Crew fatigue is a critical issue

Dr Michele Grech, AMSA. Credit: AMSA

AMSA has dedicated its time and resources into investigating fatigue at sea and the impact on safety culture . Tackling fatigue is even more vital amid COVID-19

In the last decade, fatigue has become a major safety concern in the shipping industry, contributing to serious maritime accidents and impacting seafarers’ short- and long-term performance and health.

I am in a unique position of understanding fatigue from a scientific and practical angle. Before I joined the Australian Maritime Safety Authority (AMSA) in 2013, I had built up 15 years of experience conducting applied research on fatigue at sea and more than 20 years of experience in the industry.

This informed my work at AMSA, where I took on the challenge of revising the International Maritime Organization (IMO) guidelines on fatigue, led and developed by Australia in collaboration with other member states, and submitted to the IMO in 2016. That document took a contemporary approach to fatigue risk management, using peer-reviewed scientific literature and input from subject matter experts from around the world.

A correspondence group of 33 countries and 11 organisations was created to work on this project. Fast forward to 2018, a revised set of IMO guidelines on fatigue was approved for release at the 100th session of the Maritime Safety Committee.

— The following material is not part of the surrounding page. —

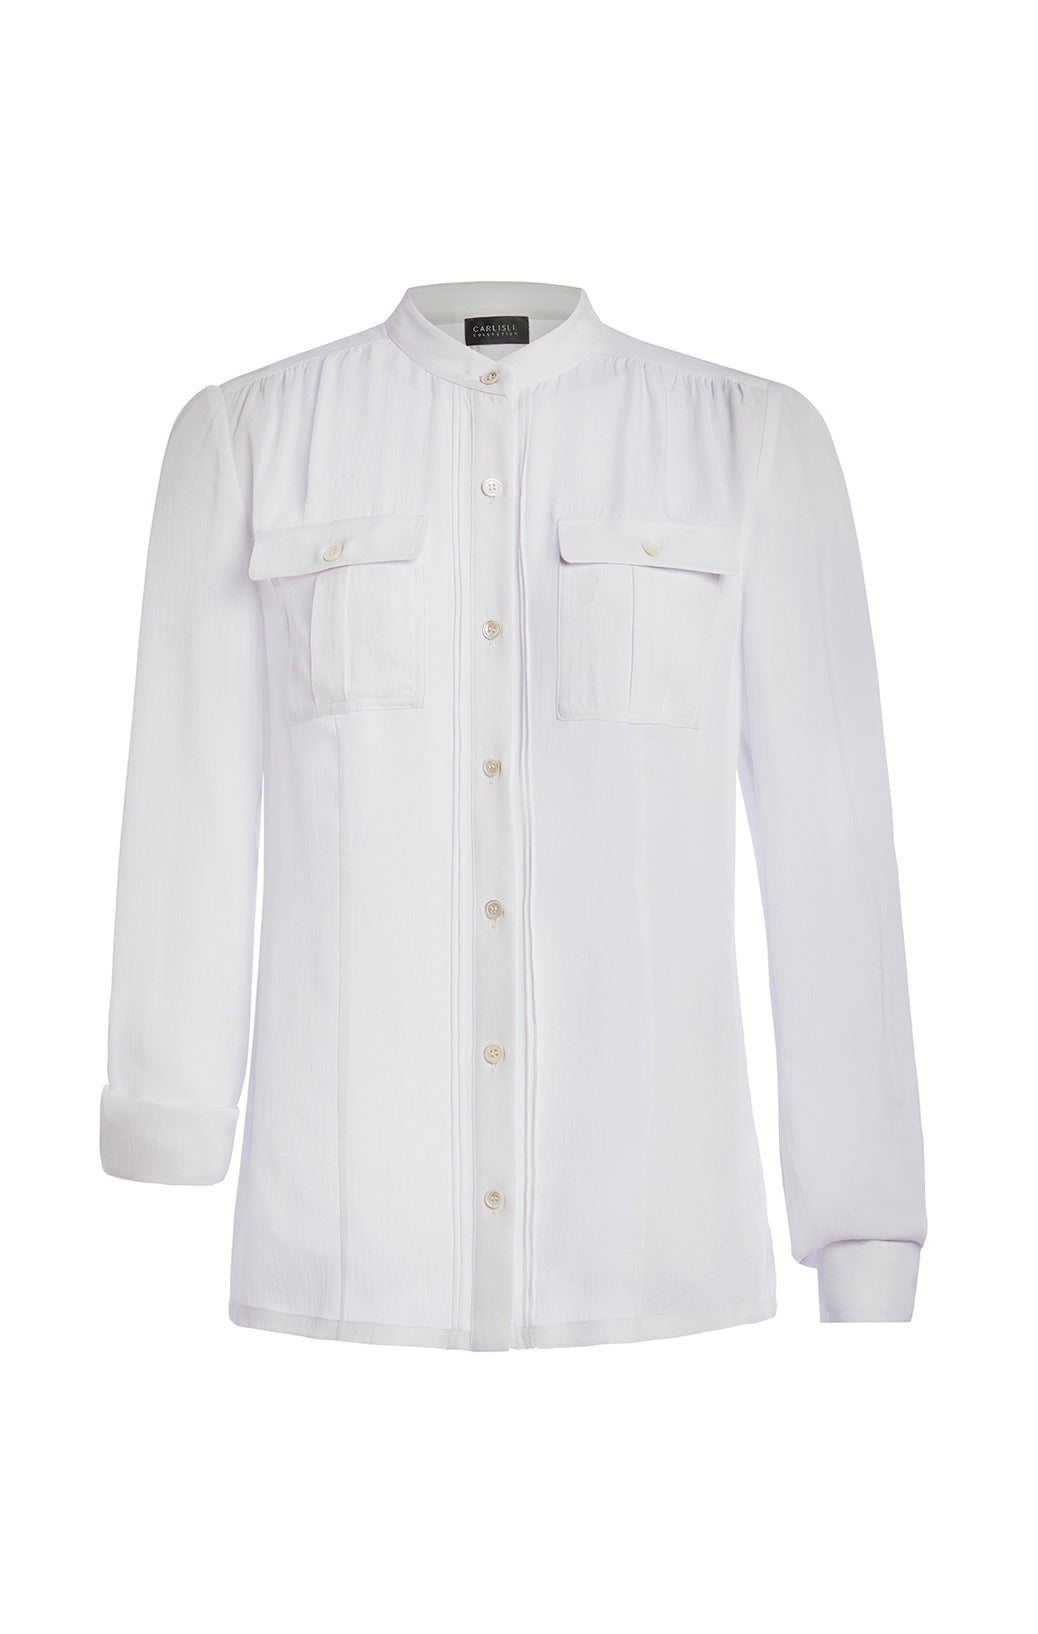 Palisade - White Stretch Sateen Blouse - Product Image

In the same year, AMSA completed the first major study of safety culture in the maritime industry in Australia. More than 1,000 seafarers were surveyed and the findings recorded 20% of them experienced chronic fatigue.
Our research also highlighted that there was a lack of fatigue management in practice in the maritime industry.

We have created simple and usable guidelines to help close this gap, with evidence-based research and practical recommendations to address fatigue among seafarers. The aim is to ensure seafarers, companies, and other relevant stakeholders are aware that these guidelines are available for use.

There is no doubt that these revised guidelines, especially the need to incorporate fatigue risk management, will test the maritime industry’s resolve in reducing the risks when at sea.

An important and challenging element is for the industry to have in-depth knowledge and understanding of fatigue. This will ensure the risks associated with fatigue are being managed appropriately. As fatigue is under-reported, it is difficult to know if it is getting better or worse over time. That is why reporting is so important and why shipping companies need to have established pathways for seafarers to report fatigue-related issues.

Shipping companies must also have processes for ensuring that lessons are learnt to prevent similar incidents from occurring again. In the maritime industry, a fatigue management system that continuously monitors and manages the risk of fatigue is the gold standard and it should be discussed with the seafarers, incorporated into a ship’s safety management system (SMS), and implemented effectively.

Shipping companies need to take a holistic approach to managing and reducing the risk of fatigue at sea. This is even more critical amid the COVID-19 pandemic where a seafarer’s contract may have been extended and, as a result, they are spending more time at sea than originally planned. Vessel operators should be identifying potential risks around crewing difficulties and addressing these in SMS documentation. Now is the time for shipping companies to step up and take care of the physical and mental wellbeing of their seafarers.